Blood Oranges start being sold in late December. I live in the midwest, so this is a great beer to drink in the late winter months, look out the window and dream of the upcoming spring.

Grain:
5 lbs German Wheat Malt
4 lbs German Pilsner
1 lbs Munich Malt
1 lbs Rice Hulls (optional)

Mash: Double Decoction
I use the classic double decoction posted here: https://www.homebrewtalk.com/wiki/index.php/Decoction_mash#Classic_Double_Decoction

Boil/Steep:
.5 oz Saaz @ 90 minutes
.5 oz Saaz @ 20 minutes

2 oz of fresh grated Blood Orange Peel, and 16 oz of chopped up Blood Orange fruit (remove the pith). Add both to a mesh bag during the last two minutes of the boil, turn off the heat and let rest for 20 minutes. Then cool.

Fermentation:
21 days @ 68 degrees F, using WY3068

IMG_0382.jpg
 
I do a blood orange wheat with a slightly different process for the oranges. From my recipe notes:

"Peel 4 blood oranges and discard half of the peels. Zest the remaining peels and cut up the fruit. Bring fruit and zest to 160f in 1/2 gallon of water, turn off heat and let steep as it cools. Once young beer is in the primary fermenter, add the entire liquid/peel/fruit mash and aerate, then pitch yeast.

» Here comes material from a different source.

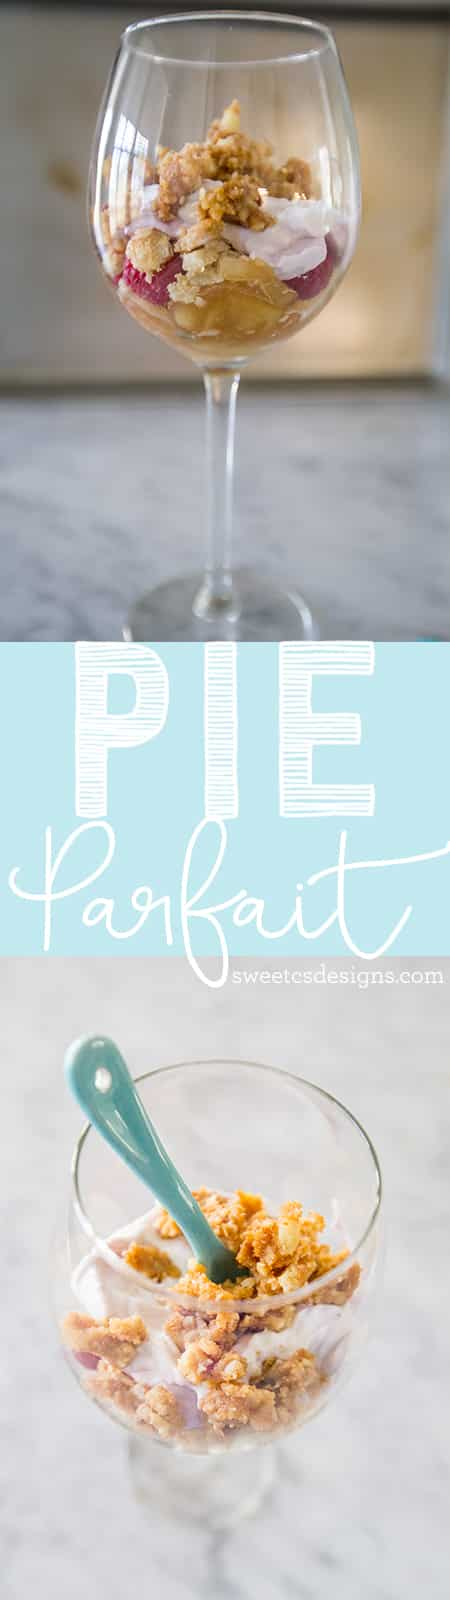 Pie for breakfast- um yes!!!
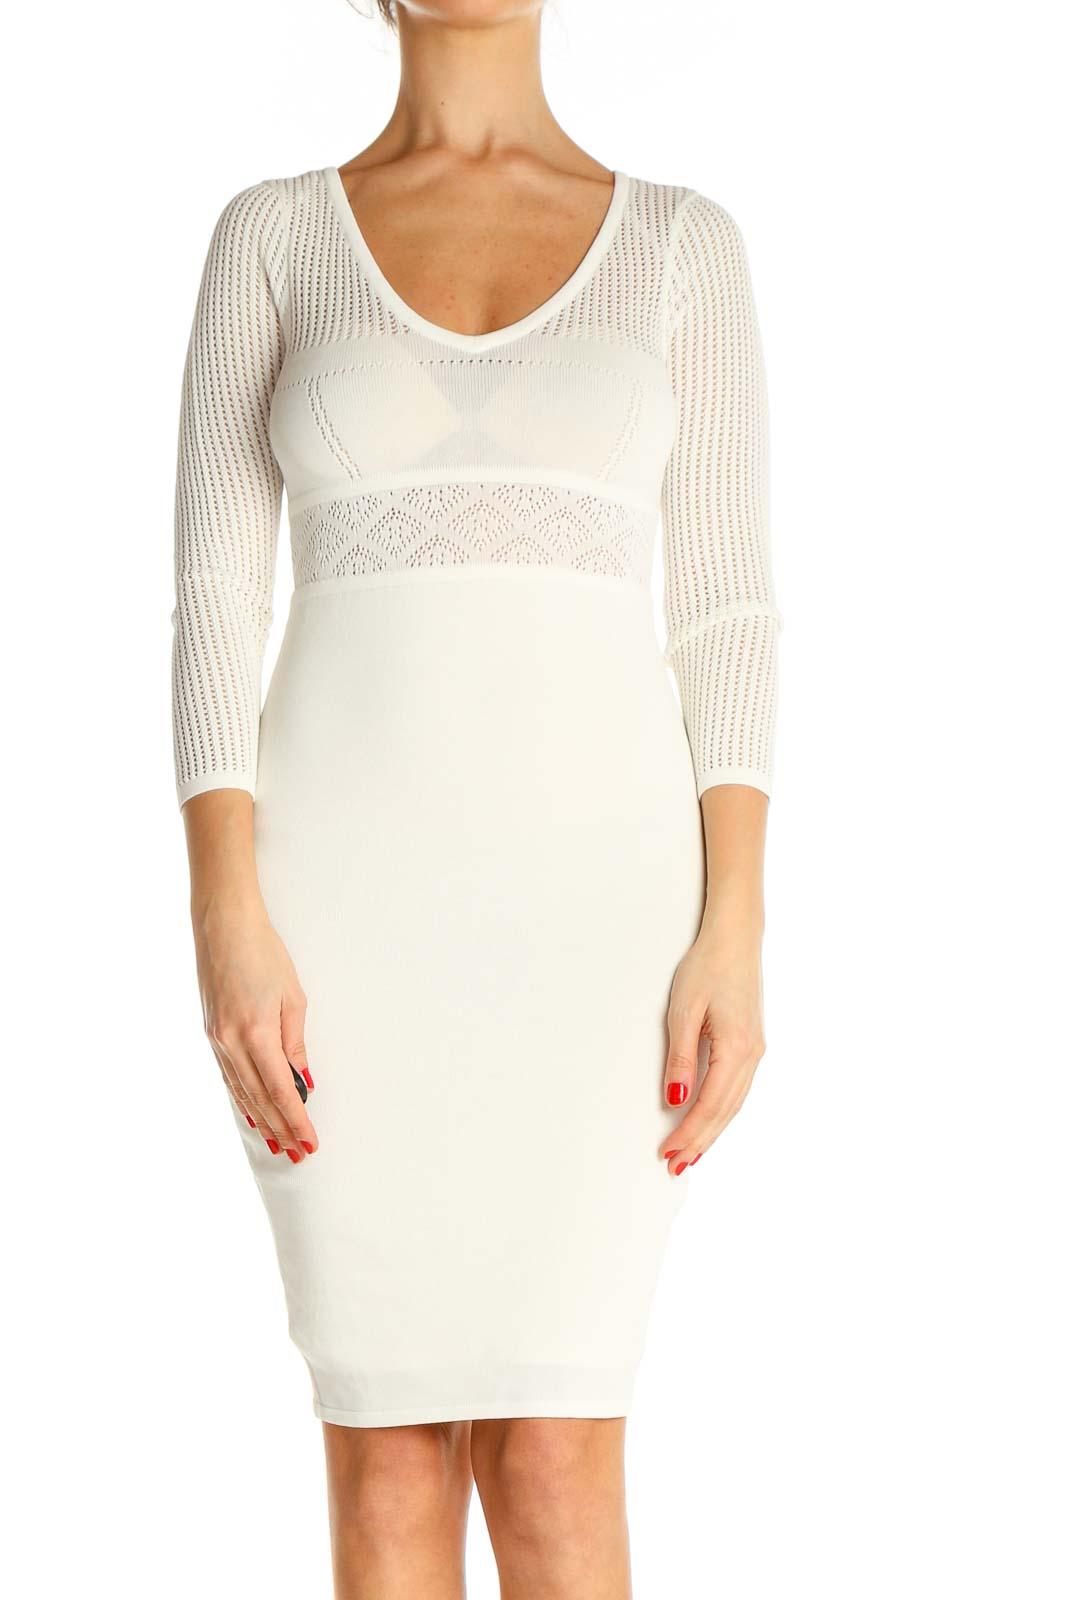 Beige Graphic Print Classic Sheath Dress Front

I ended up taking the zest and the fruit and throwing them into the blender to make a puree. I put that in a grain sock and into the 1/2 gallon of water to heat, cool, and throw into the fermenter. I dumped the cooled wort right on top."
 
I do a blood orange wheat with a slightly different process for the oranges. From my recipe notes:

"Peel 4 blood oranges and discard half of the peels. Zest the remaining peels and cut up the fruit. Bring fruit and zest to 160f in 1/2 gallon of water, turn off heat and let steep as it cools. Once young beer is in the primary fermenter, add the entire liquid/peel/fruit mash and aerate, then pitch yeast.

I ended up taking the zest and the fruit and throwing them into the blender to make a puree. I put that in a grain sock and into the 1/2 gallon of water to heat, cool, and throw into the fermenter. I dumped the cooled wort right on top."

I have tried similar methods before. My way has more to do with me being lazy. For me its just easier to throw it all in at flame out, let sit for 20 minutes, remove, then ferment undisturbed. I'm pretty happy with the blood orange favor and aroma I get this way. As far as sanitation goes I should probably boil it for a minute but I'm counting on the wort being hot enough, for long enough after the boil to kill off any possible infections. I think your way is the way Sam recommends in Radical Brewing?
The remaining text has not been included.